Abstract
In multi-modal learning, some modalities are more influential than others,
and their absence can have a significant impact on classification/segmentation
accuracy. Hence, an important research question is if it is possible for
trained multi-modal models to have high accuracy even when influential
modalities are absent from the input data. In this paper, we propose a novel
approach called Meta-learned Cross-modal Knowledge Distillation (MCKD) to
address this research question. MCKD adaptively estimates the importance weight
of each modality through a meta-learning process. These dynamically learned
modality importance weights are used in a pairwise cross-modal knowledge
distillation process to transfer the knowledge from the modalities with higher
importance weight to the modalities with lower importance weight. This
cross-modal knowledge distillation produces a highly accurate model even with
the absence of influential modalities.
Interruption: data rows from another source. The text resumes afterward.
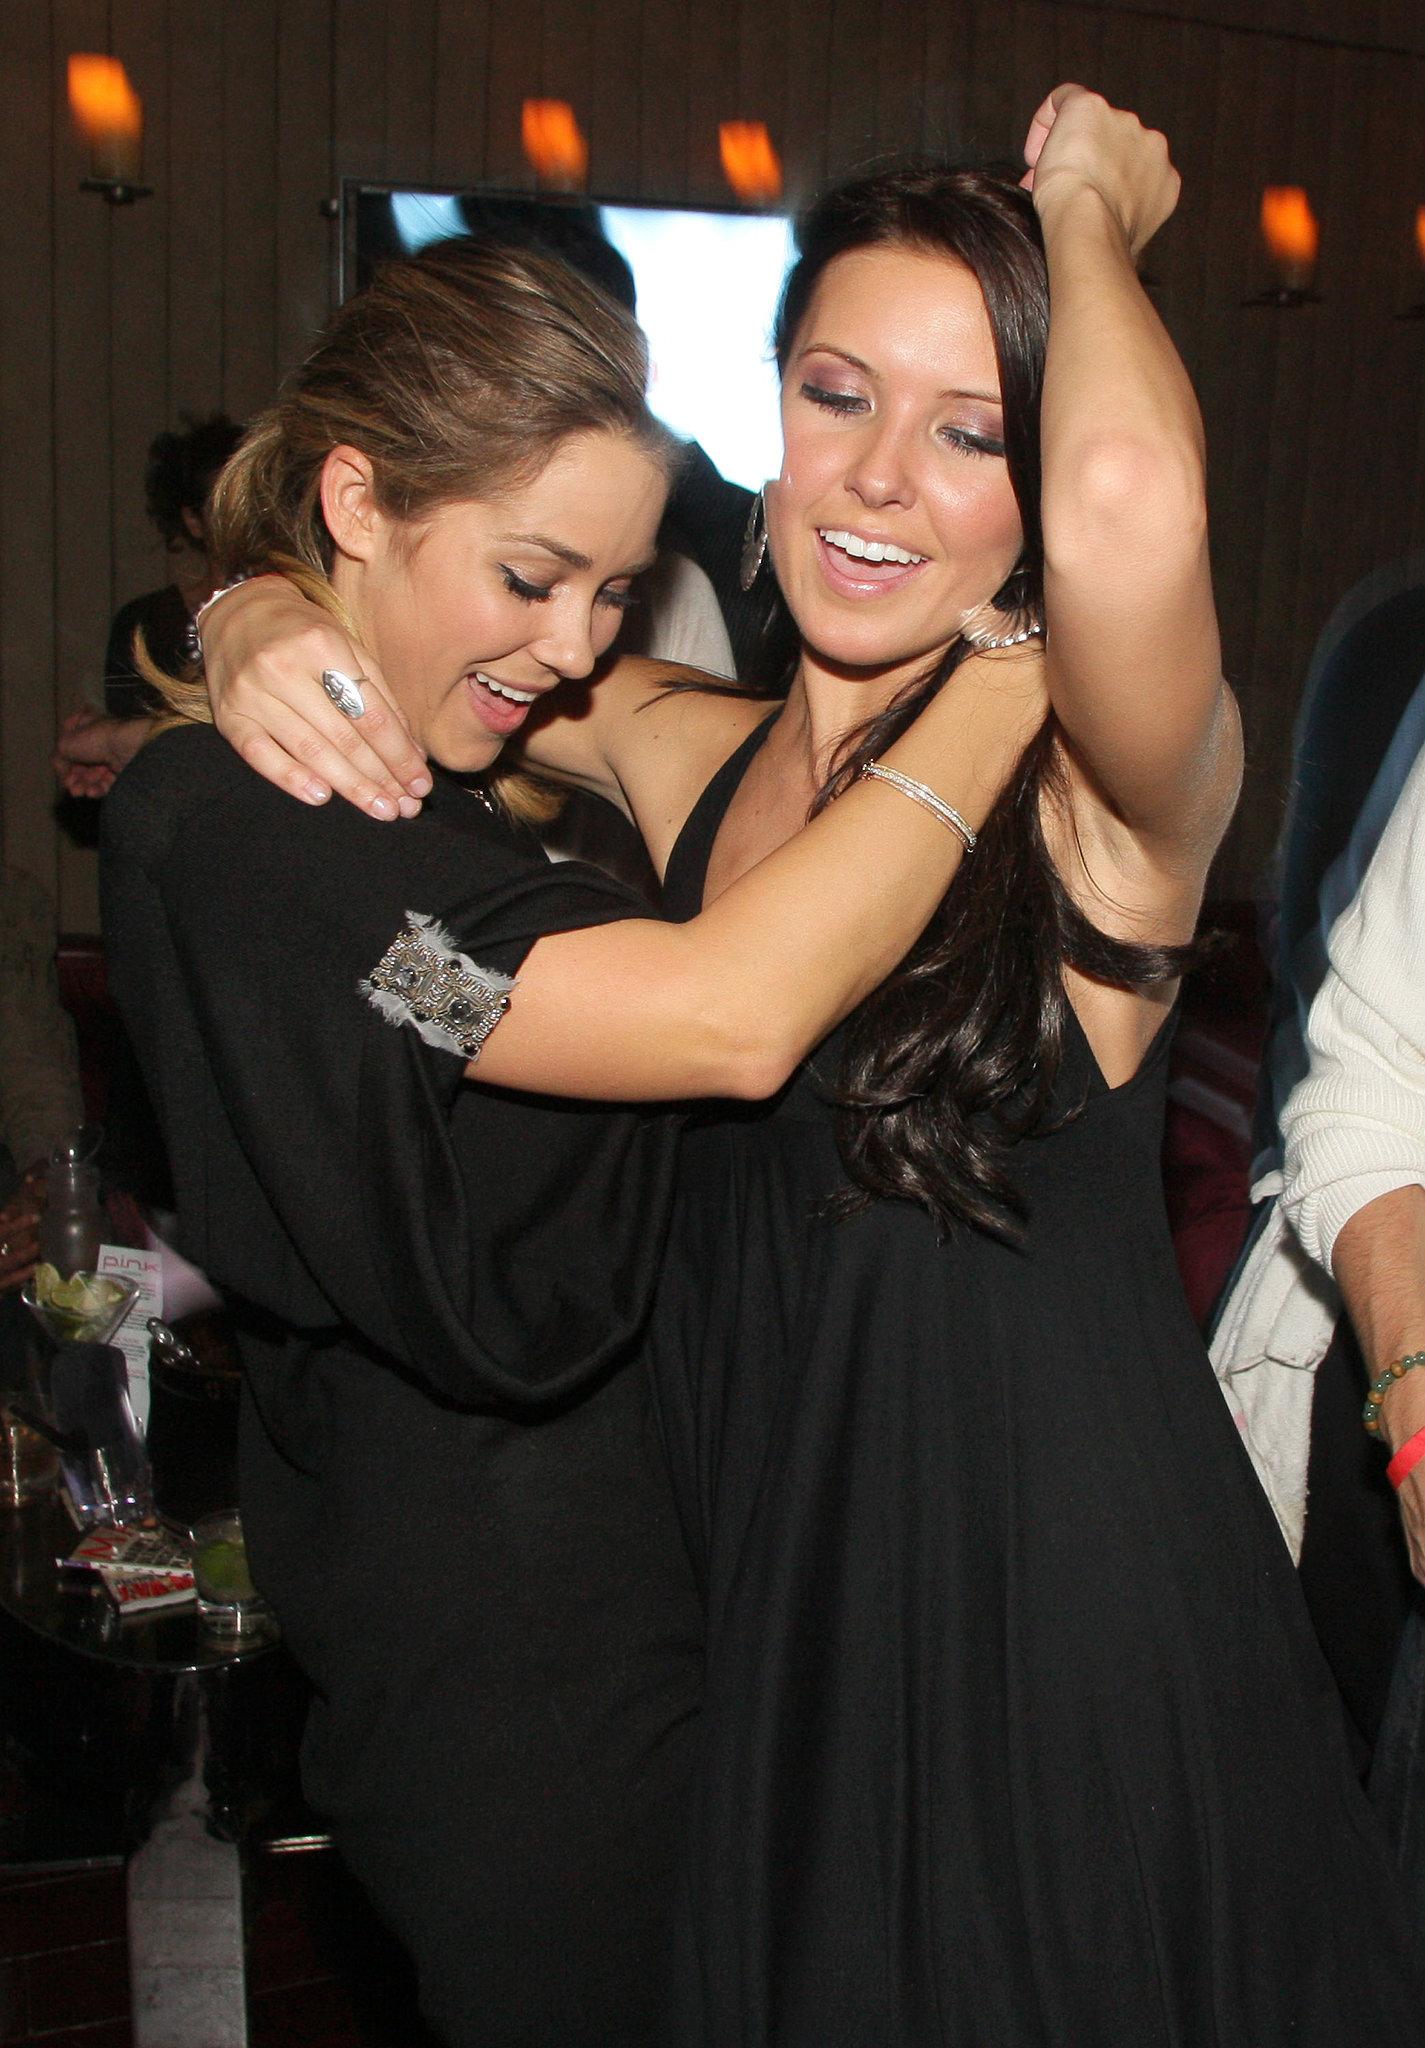 Lauren Conrad danced with Audrina Patridge at an LA bash in November 2007.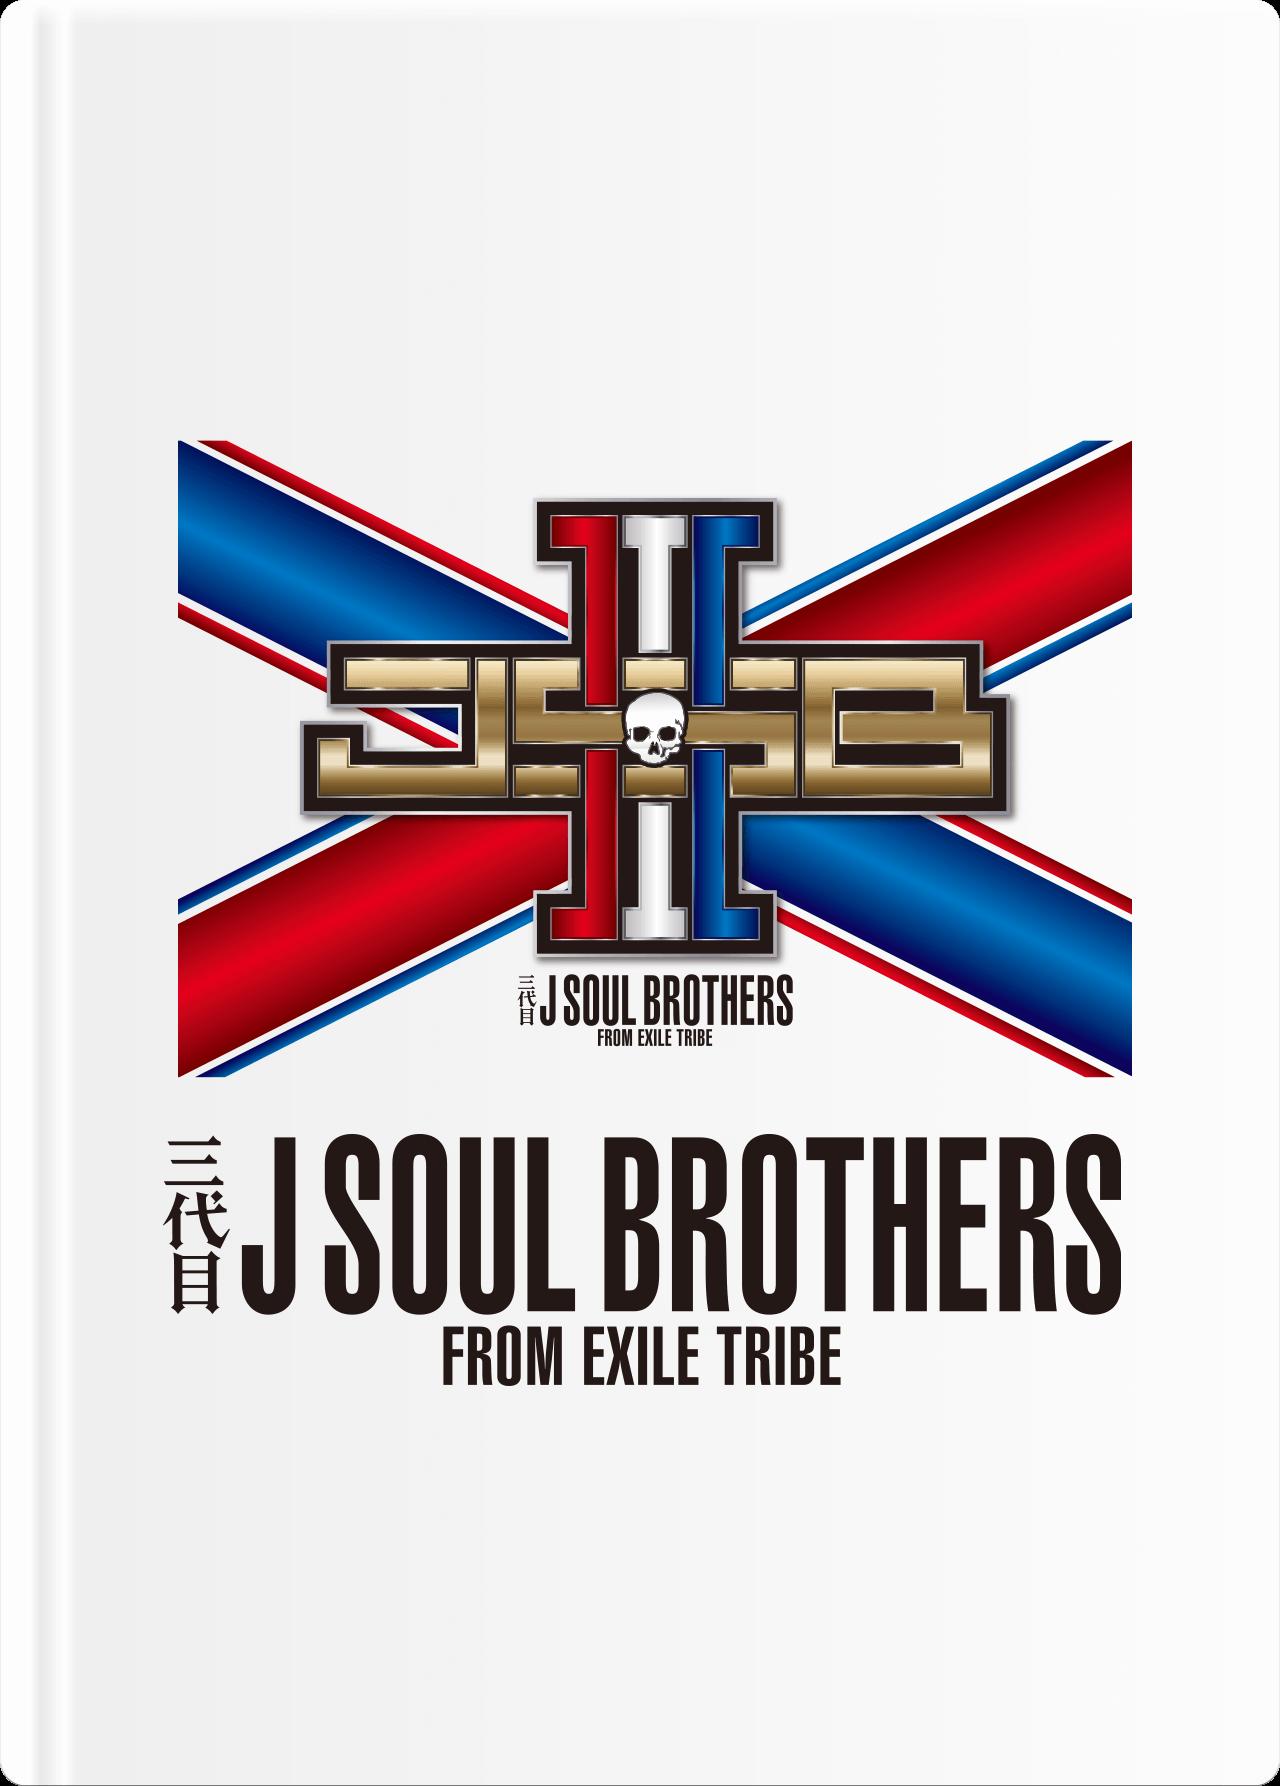 三代目 J Soul Brothers 画像 壁紙 三代目 J Soul Brothers 画像 壁紙 あなたのための最高の壁紙画像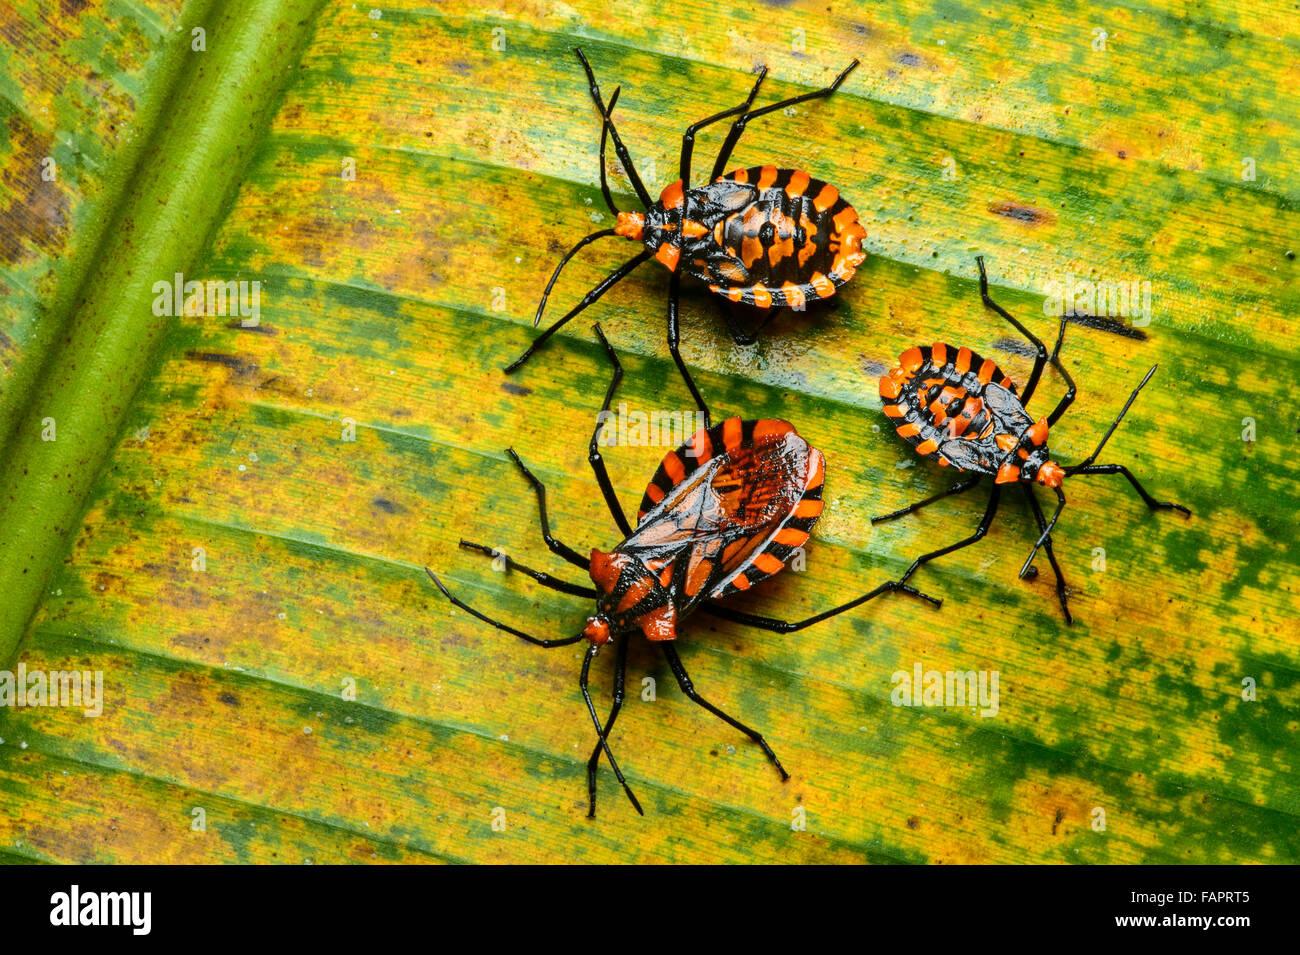 Coreidae (Coreidae) Nymphen und Imago, Anden Nebelwald, Mindo, Ecuador Stockbild

Differently from previous methods in the
field, our approach is designed to work in multiple tasks (e.g., segmentation
and classification) with minimal adaptation. Experimental results on the Brain
tumor Segmentation Dataset 2018 (BraTS2018) and the Audiovision-MNIST
classification dataset demonstrate the superiority of MCKD over current
state-of-the-art models. Particularly in BraTS2018, we achieve substantial
improvements of 3.51\% for enhancing tumor, 2.19\% for tumor core, and 1.14\%
for the whole tumor in terms of average segmentation Dice score.